A Book Club Took 28 Years to Read ‘Finnegans Wake.’ Now, It’s Starting Over.

By admin Dec7,2023

The first sign that “Finnegans Wake” may be among the most challenging books you have ever encountered is its opening line, which begins midsentence.

The novel by James Joyce ends the same way, without a period. Some scholars say the last line loops back to the beginning, symbolizing the cyclical nature of time.

In California, life is imitating art: A book club that just spent nearly three decades reading the novel is starting it all over again.

“It isn’t finished; it’s an ongoing experience,” said Gerry Fialka, an experimental filmmaker based in Venice, Calif., who started the group in 1995. The book club met once a month to read a page or two, and finally finished in October.

“It’s like a Möbius strip; it’s like the snake eating its tail,” said Mr. Fialka, 70. “All times are happening now.”
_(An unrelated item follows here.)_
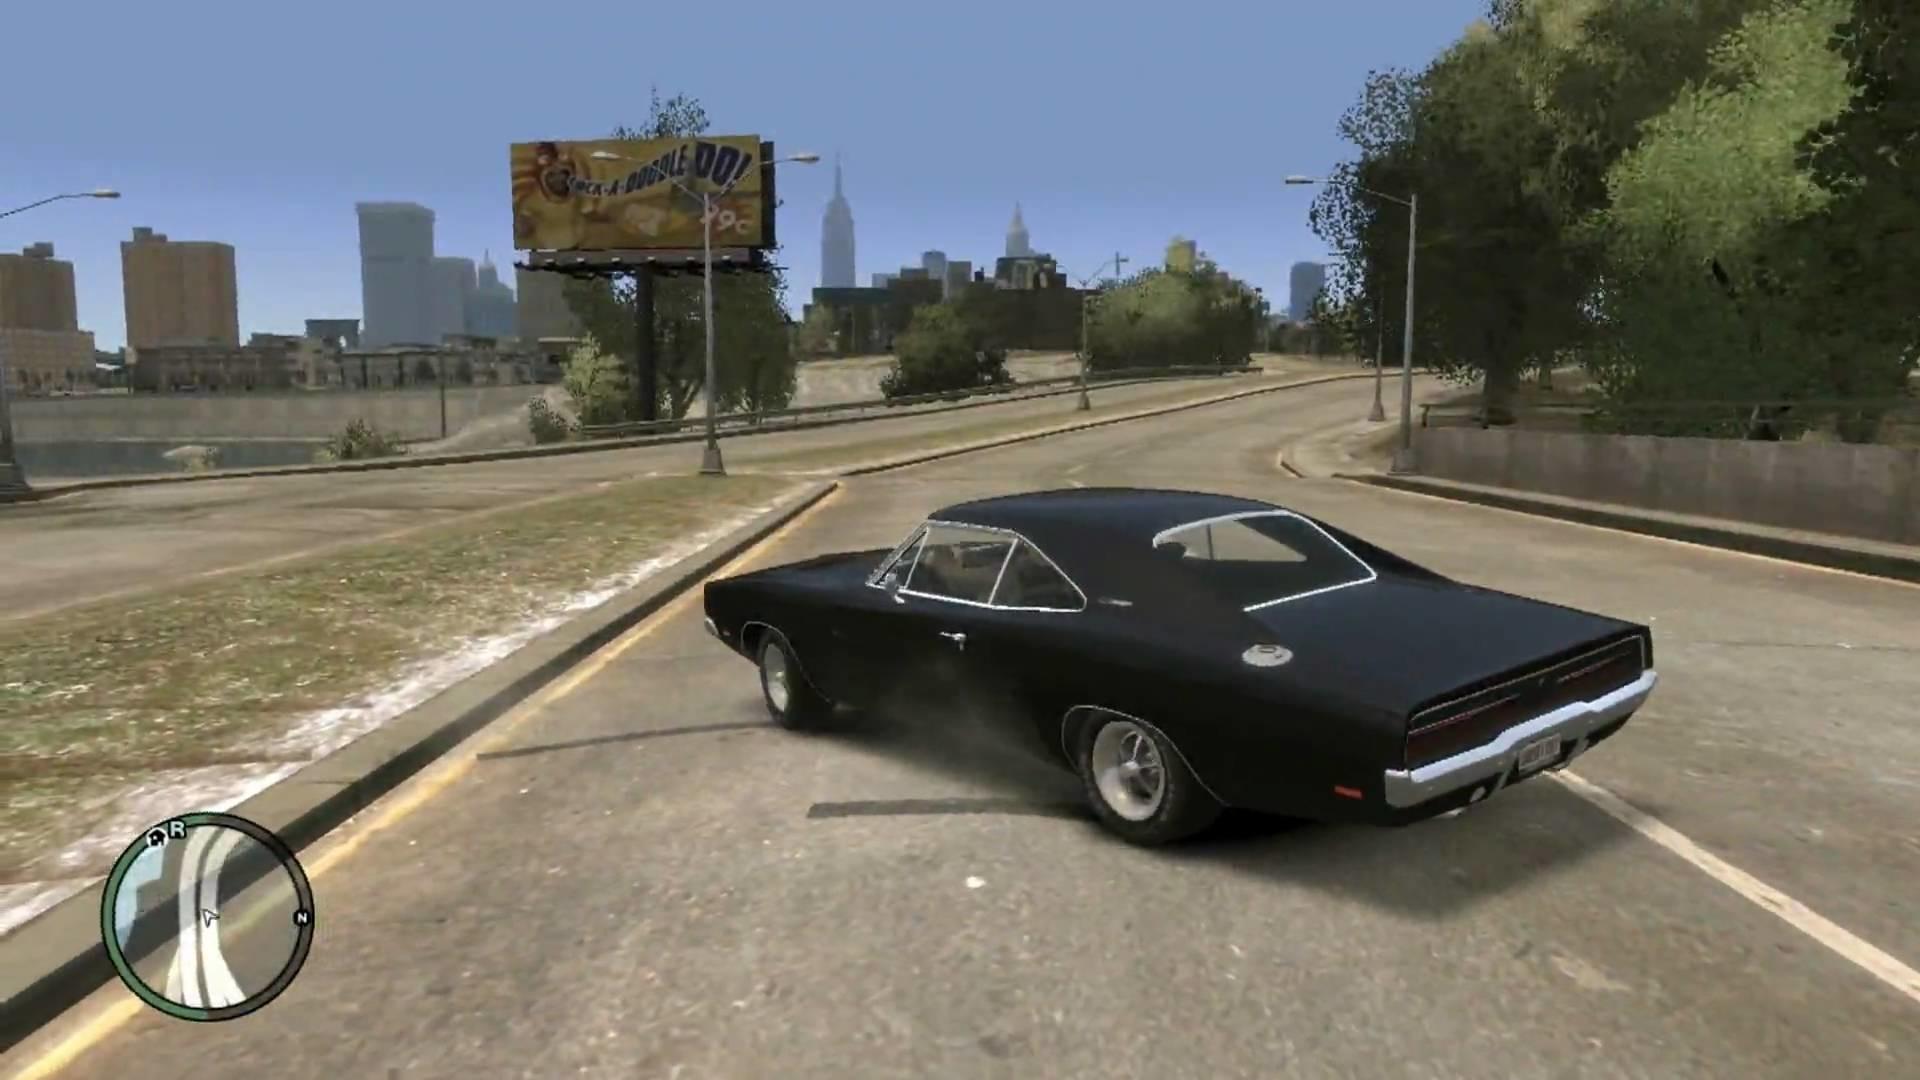 GTA IV [PC] – 1969 Dodge Charger Mod (HD) – YouTube

The club is among several around the world devoted to collectively untangling the meaning of Joyce’s 1939 novel, which tells many stories simultaneously, and is dense with neologisms and allusions. Critics have considered the work perplexing; a review in The New Yorker suggested it might have been written by a “god, talking in his sleep.” It is not unusual for a club to take several years to read the book once through.
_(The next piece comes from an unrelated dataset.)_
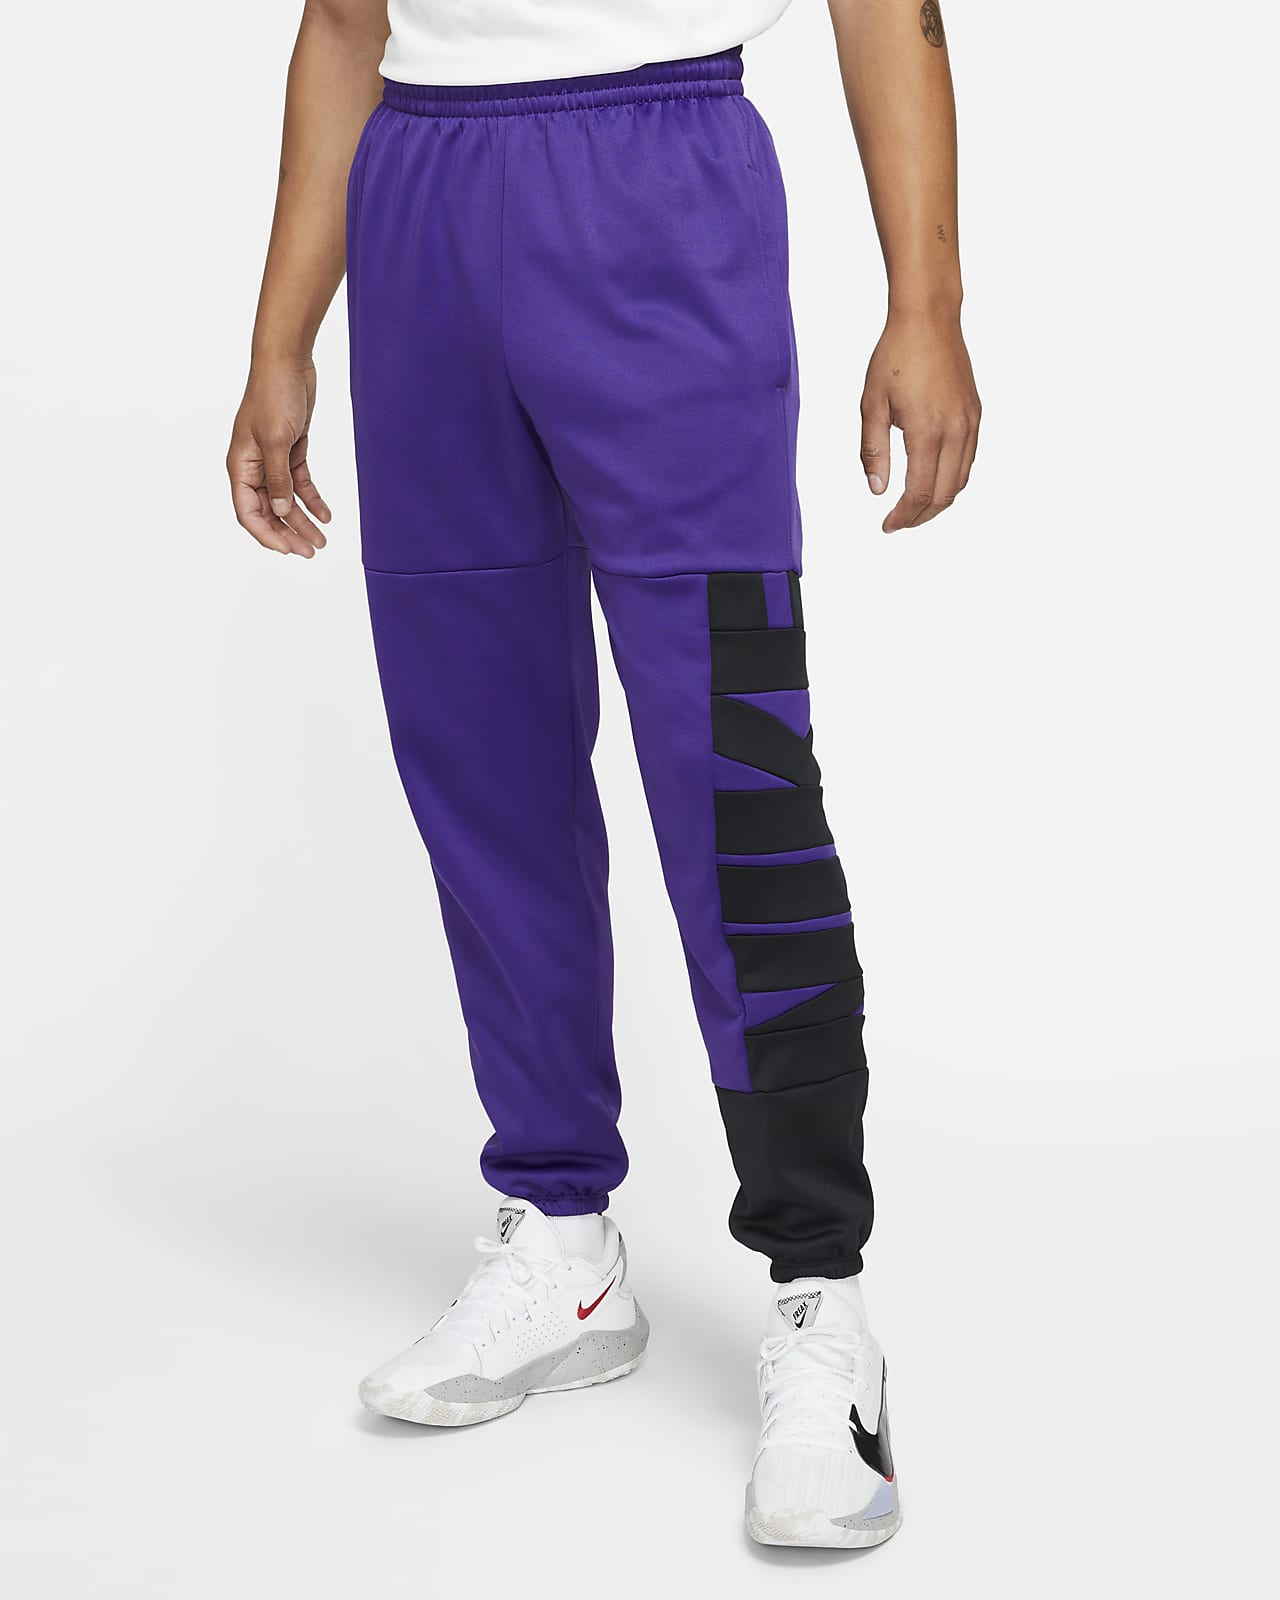 Nike Therma-FIT Men's Basketball Pants

“There’s so many extreme difficulties in the text,” said Samuel Slote, a professor in the School of English at Trinity College Dublin, whose reading group began the book in 2016, and is now less than halfway through.

“He couldn’t have counted on many readers, or any readers, to get it,” Dr. Slote said, noting that this obscurity was precisely what made reading the book communally so appealing. “No one person can really fully master it.”
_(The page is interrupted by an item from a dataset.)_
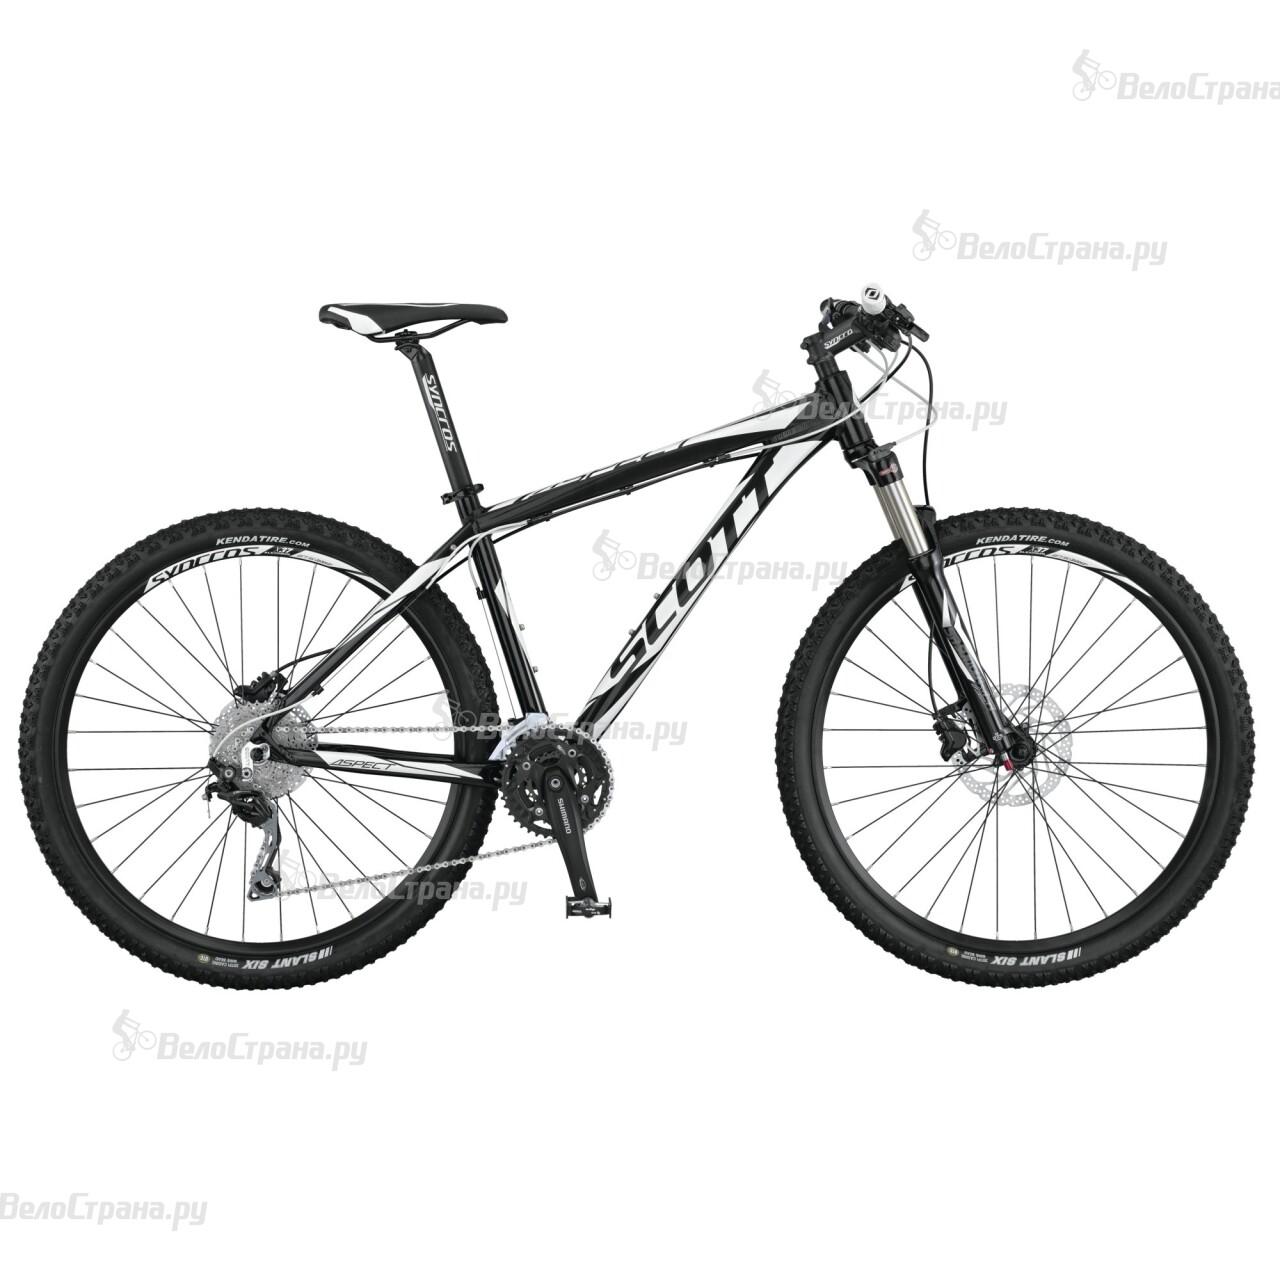 Велосипед Scott Aspect 720 (2015)

Among his favorite parts of the book, however, are two short lines on the penultimate page: “First we feel. Then we fall.” The lines are simple and undistorted, Dr. Slote said. “It’s the plot to every human life.”

Credit…Penguin Classics

Other parts, however, are considerably more complex. For example, a sentence on the fourth page reads: “What clashes here of wills gen wonts, oystrygods gaggin fishy- gods!” Another line: “bababadalgharaghtakamminarronnkonnbronntonner- ronntuonnthunntrovarrhounawnskawntoohoohoordenenthur-nuk!”

Margot Norris, a professor emerita of English at the University of California, Irvine, and a Joyce scholar, described “Finnegans Wake” as “dramatic poetry” that instead of following a typical plot plays with the very nature of language.

“We get words in ‘Finnegans Wake’ that aren’t words,” Dr. Norris said, referring to a passage of seemingly nonsense phrases: “This is Roo-shious balls. This is a ttrinch. This is mistletropes. This is Canon Futter with the popynose.”

The novel, she added, “draws your attention to language, but the language isn’t going to be exactly the language that you know.”

Fritz Senn, the founder and director of the Zurich James Joyce Foundation, which runs two weekly reading groups for “Finnegans Wake,” described the communal readings as akin to working slowly through a religious text, often intended to be read over and over.

“You have every right not to understand it,” Dr. Fritz said of Joyce’s novel. “You don’t have to be ashamed.”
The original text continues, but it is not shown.